Why would anyone with inside information share it with these rumor sites, given the speed and severity with which Apple (AAPL) punishes leakers? You have to wonder. Foxconn, Apple's Taiwanese manufacturing partner, is said to be even more strict about these things, which may explain the cryptic message posted below the Apple.com images:
This, according to Babel Fish, roughly translates as:
"After getting off work, careful be not projected on by the brick bat."
Has Steve Jobs built a secret MacBook factory?
"I'm as proud of the factory as I am of the computer," Steve Jobs told Fortune 18 years ago, describing the 40,000-square-foot plant he had constructed in Fremont, Calif., to manufacture circuit boards for his ill-fated NeXT, the $10,000 workstation into which Jobs poured his heart and soul after he was forced out of Apple (AAPL) in 1985.
The factory, as Jobs described it, had everything: robots, lasers, tolerances within one 10,000th of an inch, defect rates of less that 17 parts per million — one tenth the rest of the industry's — and the speed to turn out 60 machines a day. (link)
Now, according to a pair of reports in 9 to 5 Mac and Computerworld Blogs, Jobs has built that plant's successor: a state-of-the-art manufacturing facility that is already turning out the new line of MacBook and MacBook Pros that Apple is expected to introduce on Oct. 14.

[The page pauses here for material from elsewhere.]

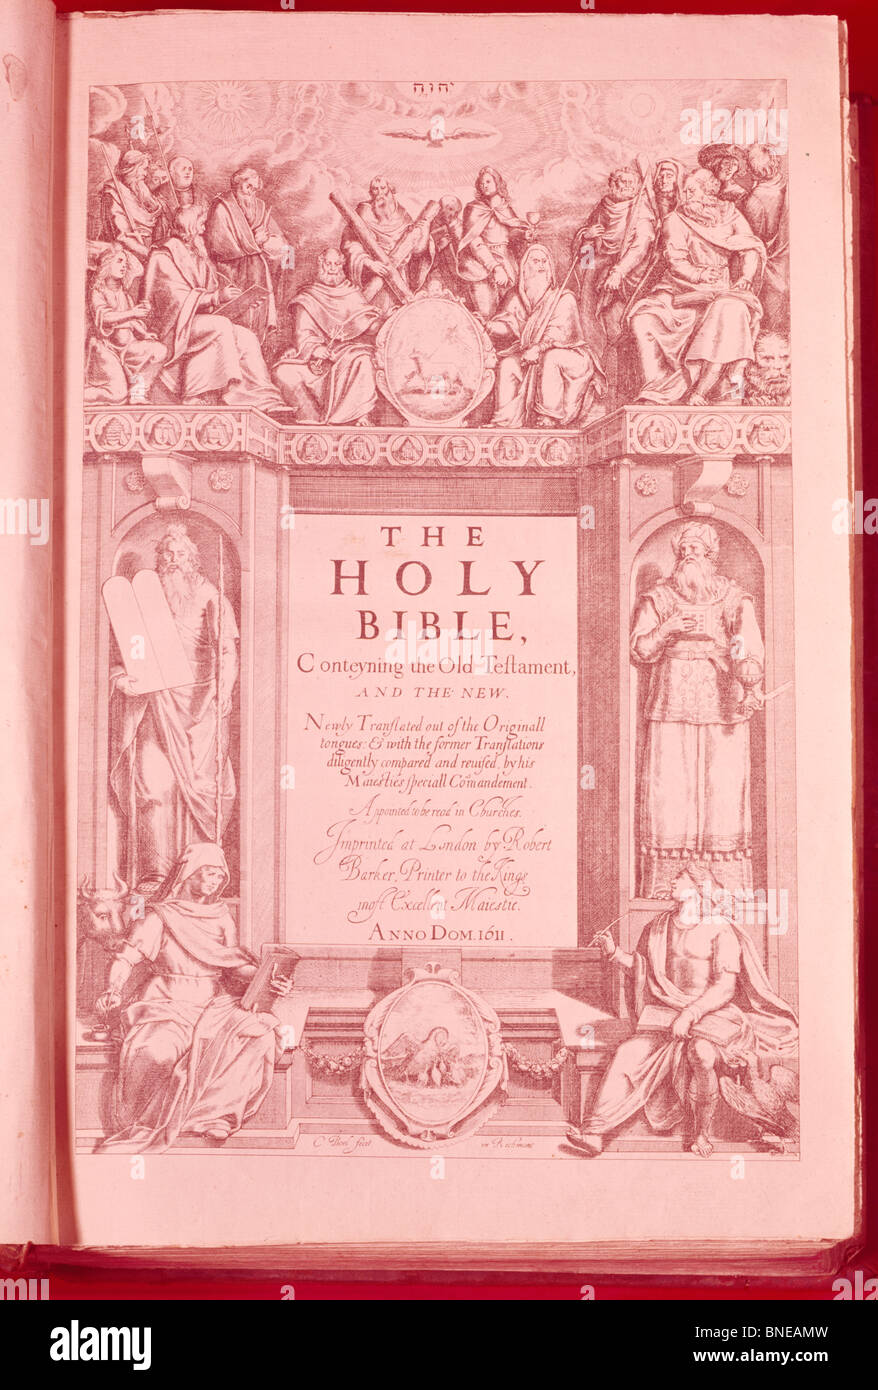 Page de titre de King James Bible, lithographie, USA, New York, New York City, American Bible Society, 1611 A.D. Banque D'Images
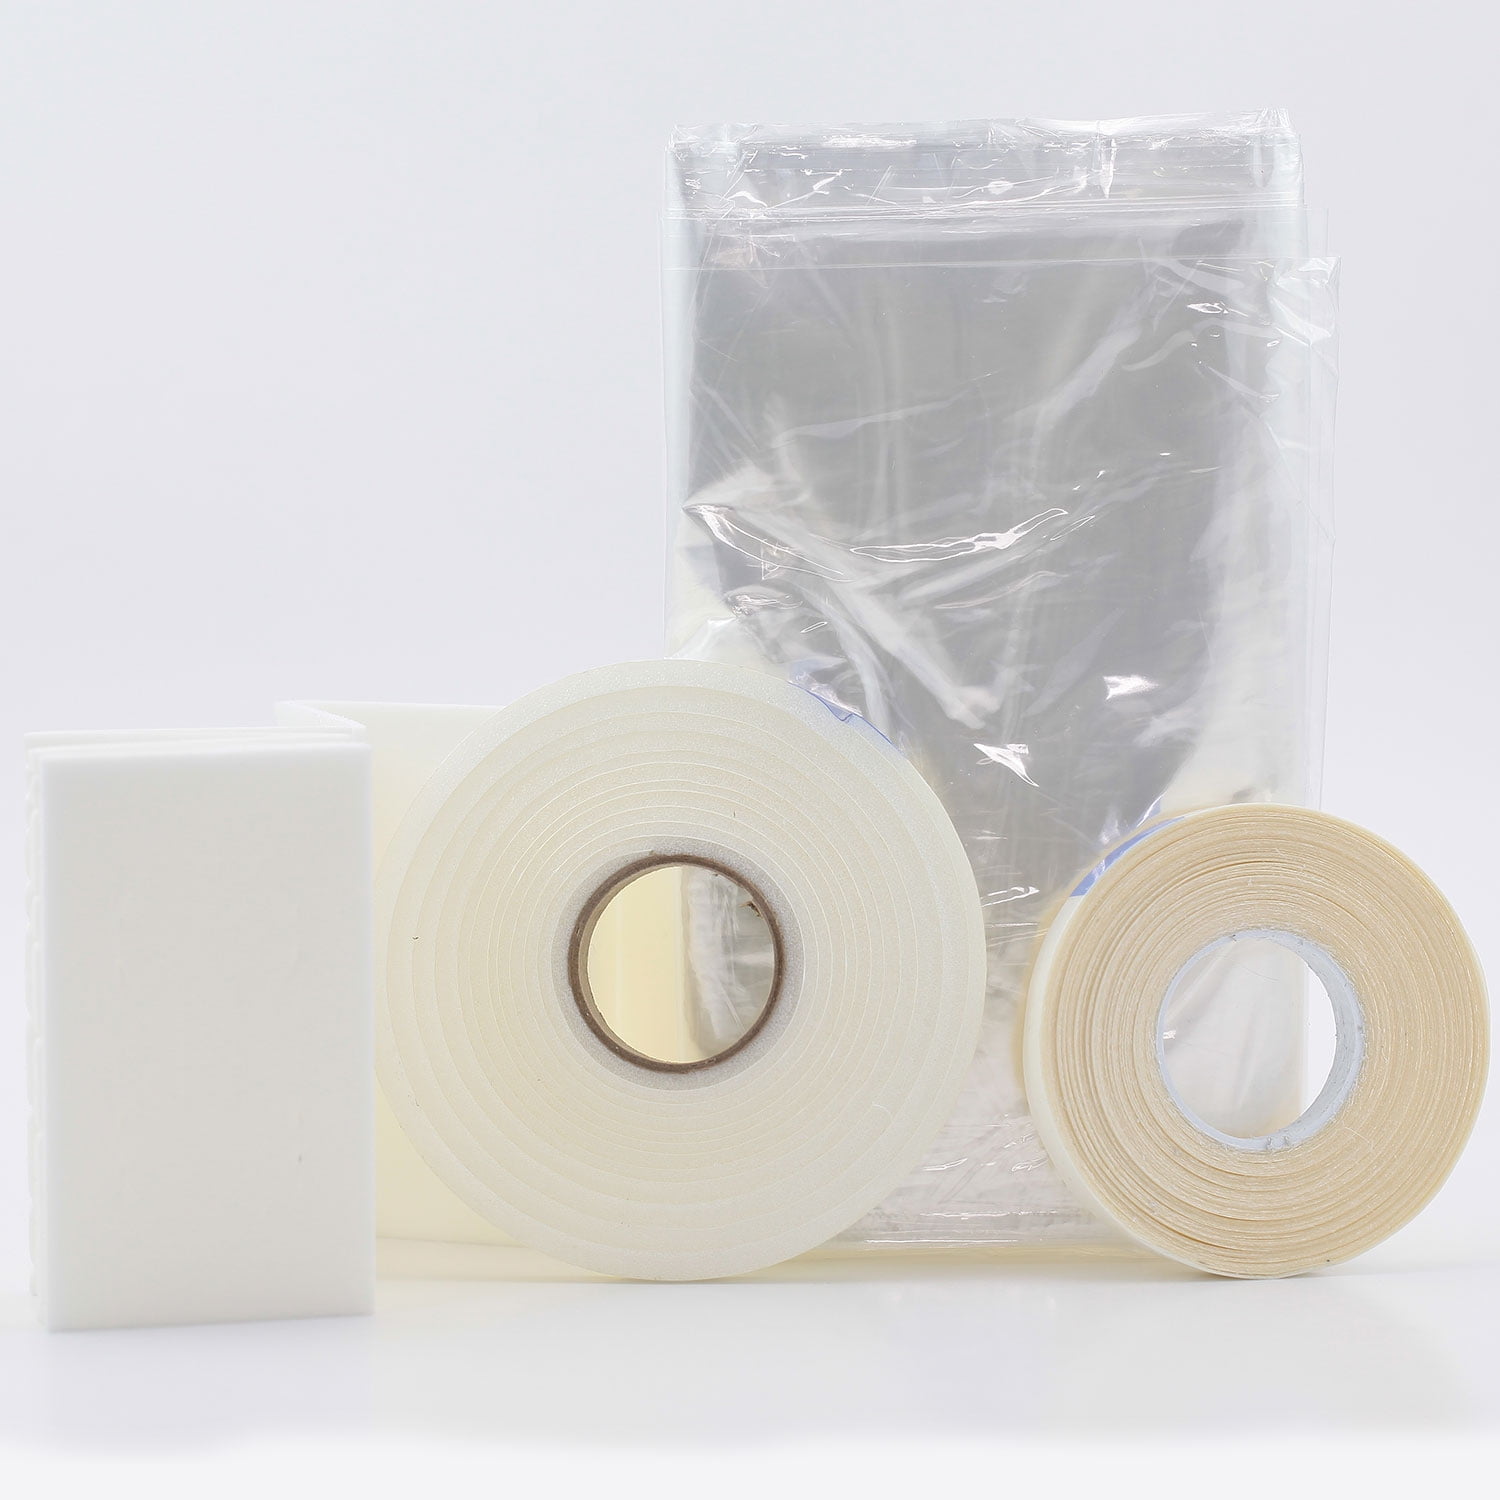 Window Insulation Film Kit Replacement Tape | Polar Bear Weather Stripping-  1060SPB

This factory, according to Seth Weintraub, a tech reporter with good sources within Apple and a knack for correctly predicting the company's next moves, is the answer to a question that has been haunting Apple watchers for the past month: What is "the Brick"?
The Brick, Weintraub says, is not a new Apple TV, a table-sized Mac, a wireless USB hub, a Windows-smashing software breakthrough — or any of the other ideas put forward in the month of fevered speculation since Weintraub's 9-to-5 colleague Cleve Nettles first posed the question. (See Anatomy of an Apple rumor: "The Brick".)
What the Brick really is, according to Weintraub's sources, is a block of high-quality, aircraft grade aluminum out of which Apple's new laptops will be carved using robot-controlled lasers and high-powered jets of water in Jobs' new factory.
"It is totally revolutionary, a game changer," writes Weintraub. "One of the biggest Apple innovations in a decade." (link)
It may also be the answer to another mystery that has bedeviled Apple watchers — the innovation that Apple CFO Peter Oppenheimer, speaking at the last quarterly earnings conference call, warned analysts would cut deeply into Apple's near term operating margins but result in something that "Apple's competitors won't be able to match" for years to come. (See Apple teases with mysterious "product transition".)
Weintraub paints a picture, drawn heavily from a long piece in The Mac Observer by John Martellaro, a former NASA engineer and Apple manager, of a nonpolluting, energy-efficient, wind- or solar-power plant, built in the United States, that would free Apple of its dependence on Chinese manufacturers (and unpleasant Chinese labor conditions) and fulfill Steve Jobs' long-held dream of moving Apple both up and down the value chain — building a legacy at Apple that could survive and prosper long after he is gone.
"An Apple factory (or two), in the right place," writes Marellaro, "costing several billions would be a worthy endeavor for Apple and its cash. It would achieve the grandest goals for Apple's technical future, make a contribution to the planet and its people's well being and help insure Apple's financial and political security." (link)
Marellaro concludes on a wistful note: "But, sigh, it's just an idea"
We'll find out soon enough how much of it is true.